Centre for Theoretical Chemistry and Physics, School of Natural and Computational Sciences, Massey University Auckland, Auckland, New Zealand.
Bioinformatics Institute, Agency for Science, Technology and Research, Singapore.
Mol Biol Evol. 2020 Sep 1;37(9):2711-2726. doi: 10.1093/molbev/msaa100.
For evaluating the deepest evolutionary relationships among proteins, sequence similarity is too low for application of sequence-based homology search or phylogenetic methods. In such cases, comparison of protein structures, which are often better conserved than sequences, may provide an alternative means of uncovering deep evolutionary signal. Although major protein structure databases such as SCOP and CATH hierarchically group protein structures, they do not describe the specific evolutionary relationships within a hierarchical level. Structural phylogenies have the potential to fill this gap. However, it is difficult to assess evolutionary relationships derived from structural phylogenies without some means of assessing confidence in such trees. We therefore address two shortcomings in the application of structural data to deep phylogeny.
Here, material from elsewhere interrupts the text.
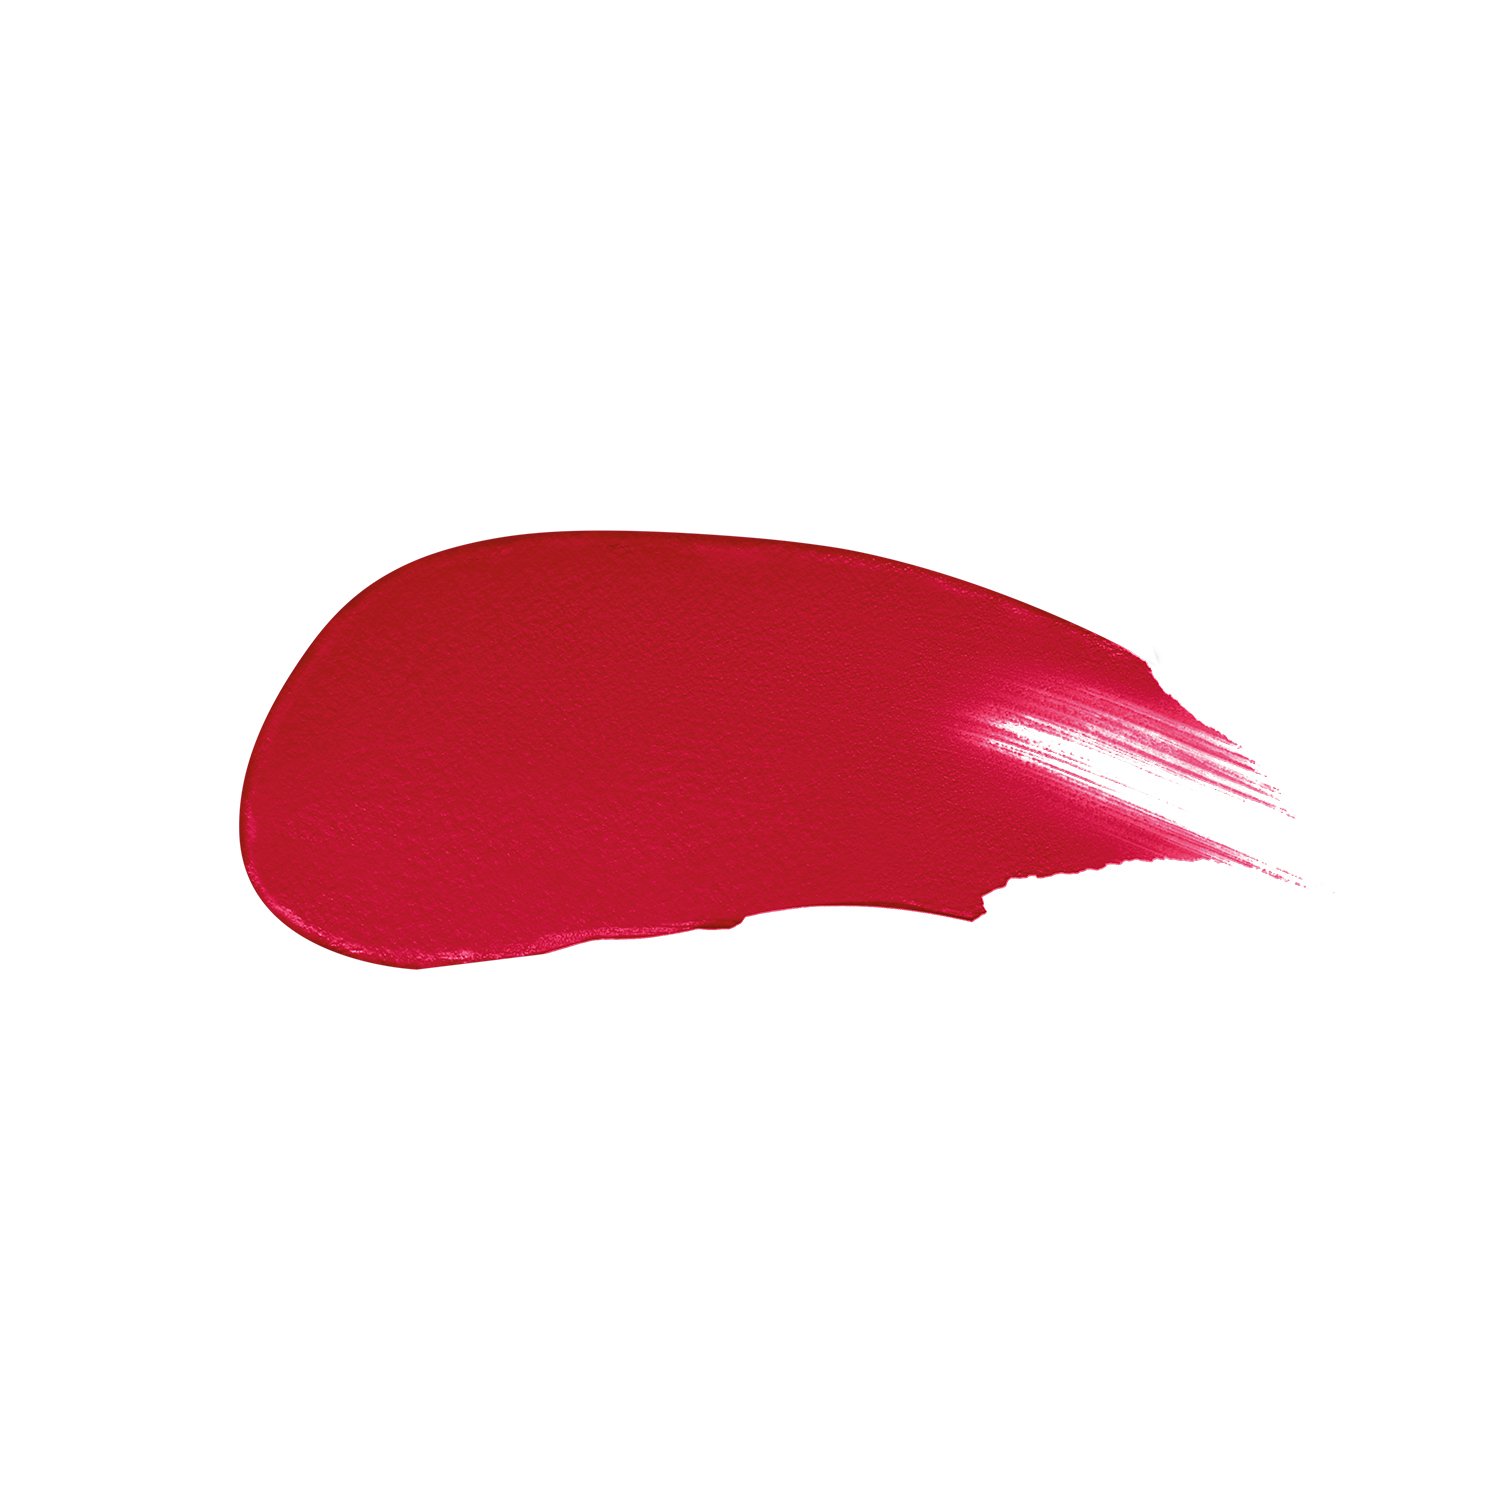 Жидкая помада для губ Max Factor Colour Elixi Matte Soft, тон 030 (Crushed Ruby), 4 мл (8000019533138) - фото 2

First, we examine whether phylogenies derived from pairwise structural comparisons are sensitive to differences in protein length and shape. We find that structural phylogenetics is best employed where structures have very similar lengths, and that shape fluctuations generated during molecular dynamics simulations impact pairwise comparisons, but not so drastically as to eliminate evolutionary signal. Second, we address the absence of statistical support for structural phylogeny. We present a method for assessing confidence in a structural phylogeny using shape fluctuations generated via molecular dynamics or Monte Carlo simulations of proteins. Our approach will aid the evolutionary reconstruction of relationships across structurally defined protein superfamilies. With the Protein Data Bank now containing in excess of 158,000 entries (December 2019), we predict that structural phylogenetics will become a useful tool for ordering the protein universe.
为了评估蛋白质之间最深远的进化关系,序列相似性太低,无法应用基于序列的同源搜索或系统发育方法。在这种情况下,比较蛋白质结构可能是一种替代方法,可以揭示深层次的进化信号。尽管 SCOP 和 CATH 等主要蛋白质结构数据库对蛋白质结构进行了层次分组,但它们并没有描述层次结构内的特定进化关系。结构系统发育学具有填补这一空白的潜力。然而,如果没有某种方法来评估这些树的置信度,就很难评估从结构系统发育学中得出的进化关系。因此,我们解决了将结构数据应用于深度系统发育学的两个缺点。首先,我们检查从两两结构比较中得出的系统发育是否对蛋白质长度和形状的差异敏感。我们发现,结构系统发生学在结构非常相似的情况下最适用,并且分子动力学模拟中产生的形状波动会影响两两比较,但不会严重到消除进化信号。其次,我们解决了结构系统发育缺乏统计支持的问题。我们提出了一种使用通过分子动力学或蒙特卡罗模拟蛋白质生成的形状波动来评估结构系统发育置信度的方法。我们的方法将有助于在结构定义的蛋白质超家族中重建关系。随着蛋白质数据库现在包含超过 158,000 个条目(2019 年 12 月),我们预测结构系统发生学将成为一种有用的工具,用于对蛋白质宇宙进行排序。